Apple gains US smartphone share in August at expense of Android, Samsung

Posted:
in iPhone edited October 2015
The latest statistics from analytics firm comScore reveal Apple continued to chip away at Android's smartphone marketshare in the U.S. for the three-month period ending in August, while iPhone moved further away from second place Samsung.




Apple again ranked as the number one smartphone manufacturer with a 44.1 percent share of the market, up 0.6 percent from the end of May, according to comScore's report published on Tuesday. The gains were in stark contrast to runner-up Samsung, which lost 1.3 points over the same period to end August with a 27.4 percent marketshare.
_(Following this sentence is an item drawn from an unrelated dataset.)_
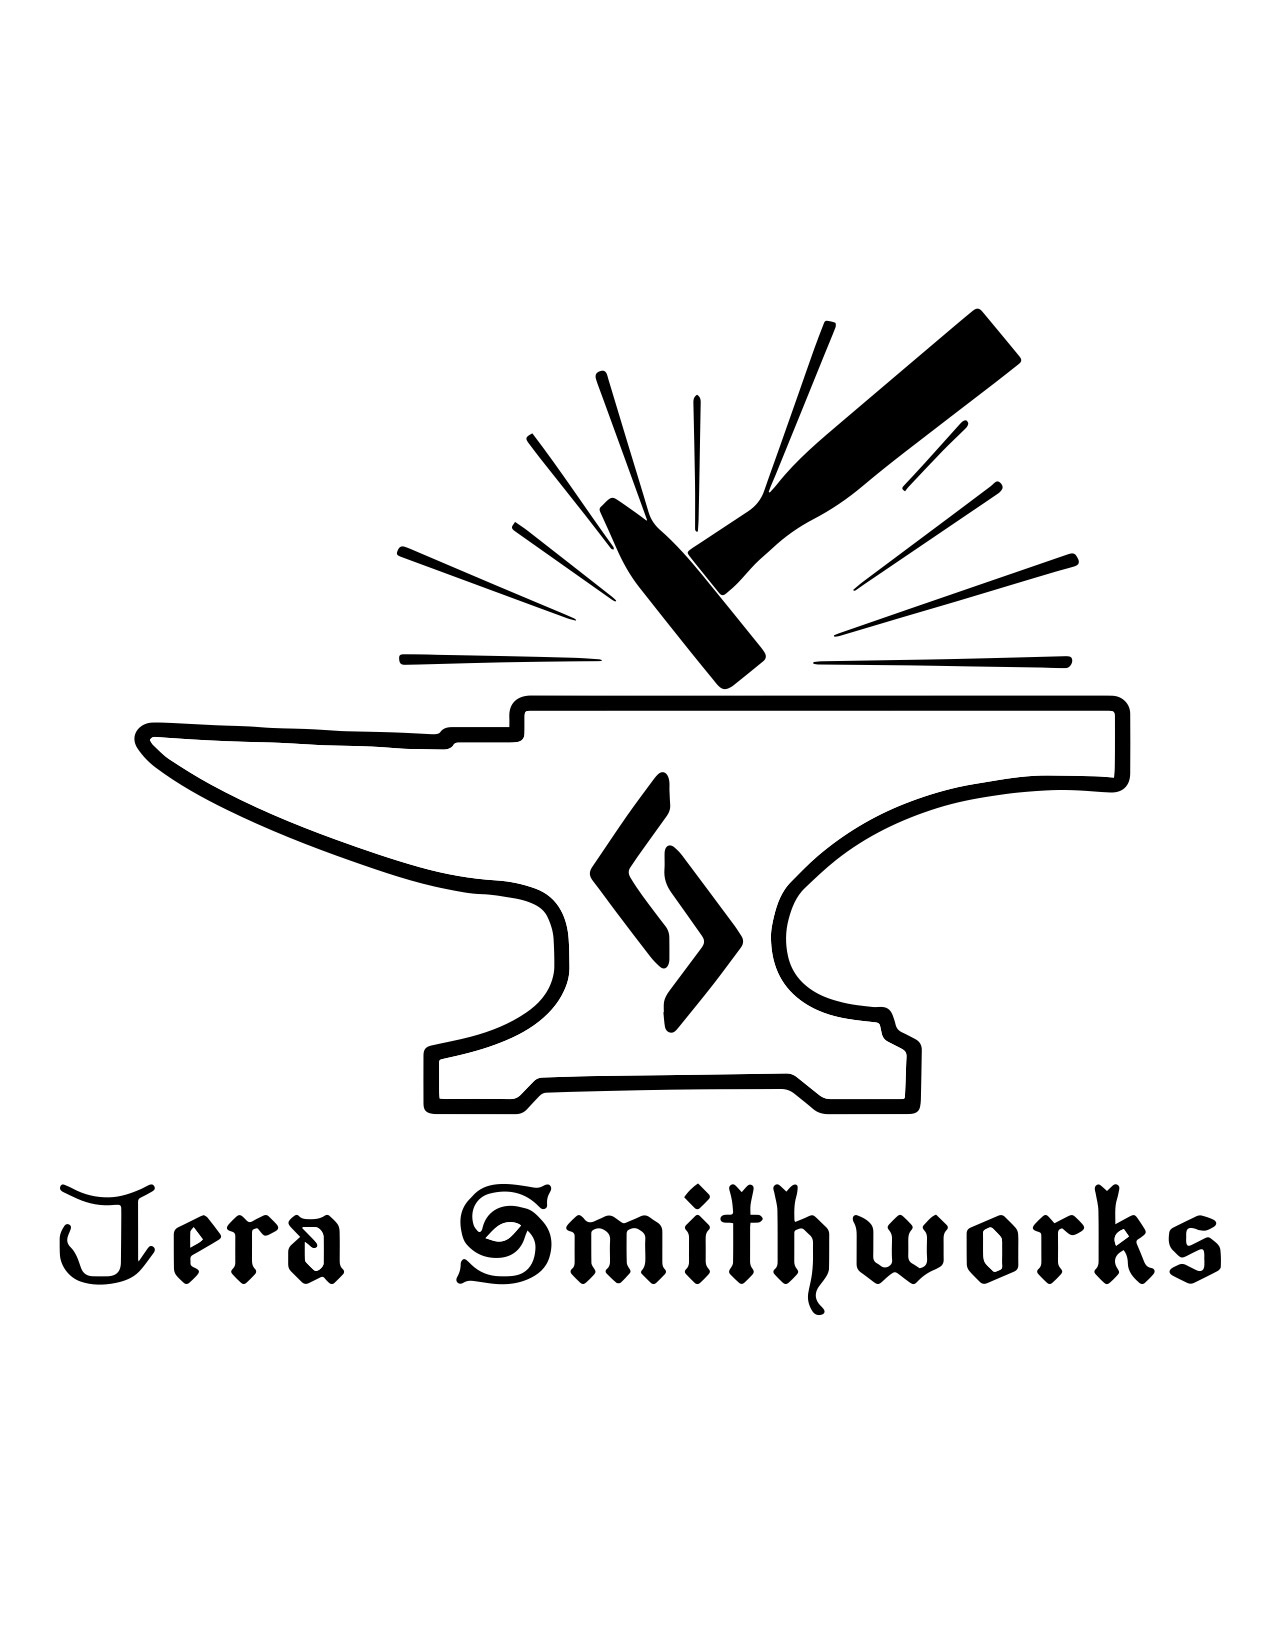 Jera Smithworks LLC

LG enjoyed the highest rate of growth with a 0.9 percent jump, but the Korean company's overall standing is still below double digits at 9.1 percent. Motorola and HTC saw slight decreases in subscriber share to end the three-month term with 4.7 percent and 3.4 percent of the market, respectively.
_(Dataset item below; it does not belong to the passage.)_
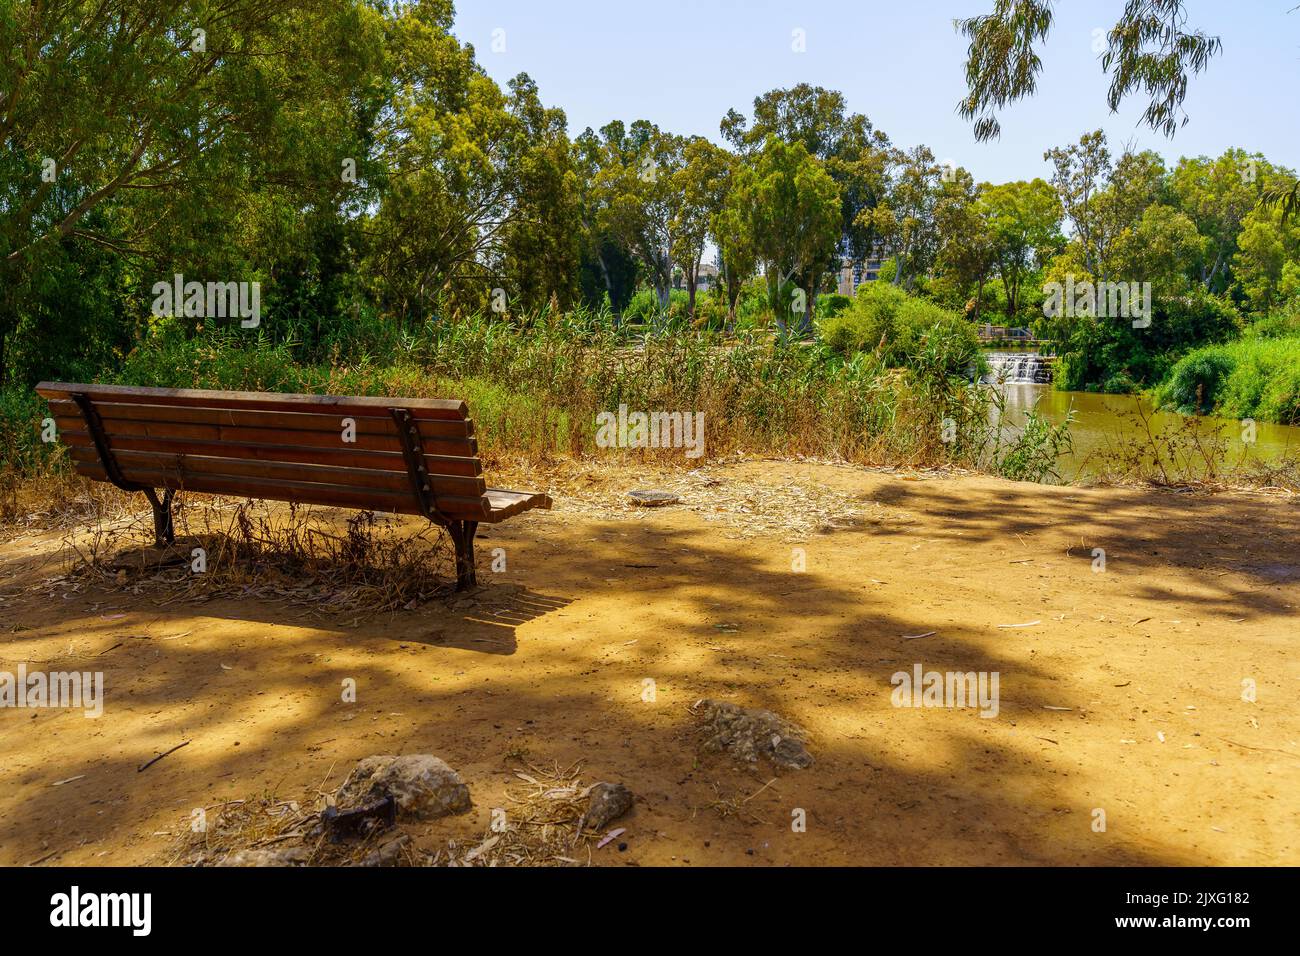 View of a bench and Eucalyptus trees along the Yarkon River, in the Yarkon Park, Tel-Aviv, Israel Stock Photo

Google's Android operating system reigned supreme in the U.S., accounting for 51.7 percent of all smartphones, but that metric is down 0.4 points sequentially. Apple's iPhone was the only platform to see gains in the August quarter, exhibiting strong demand in light of September's iPhone 6s debut.

Microsoft, BlackBerry and Symbian rounded out the top five and held relatively steady with a respective 2.9 percent, 1.2 percent and 0.1 percent of the market.

According to comScore's tally, 191.1 million people in the U.S. owned smartphones during the three-month period ending in August, a number representing 77.1 percent mobile market penetration.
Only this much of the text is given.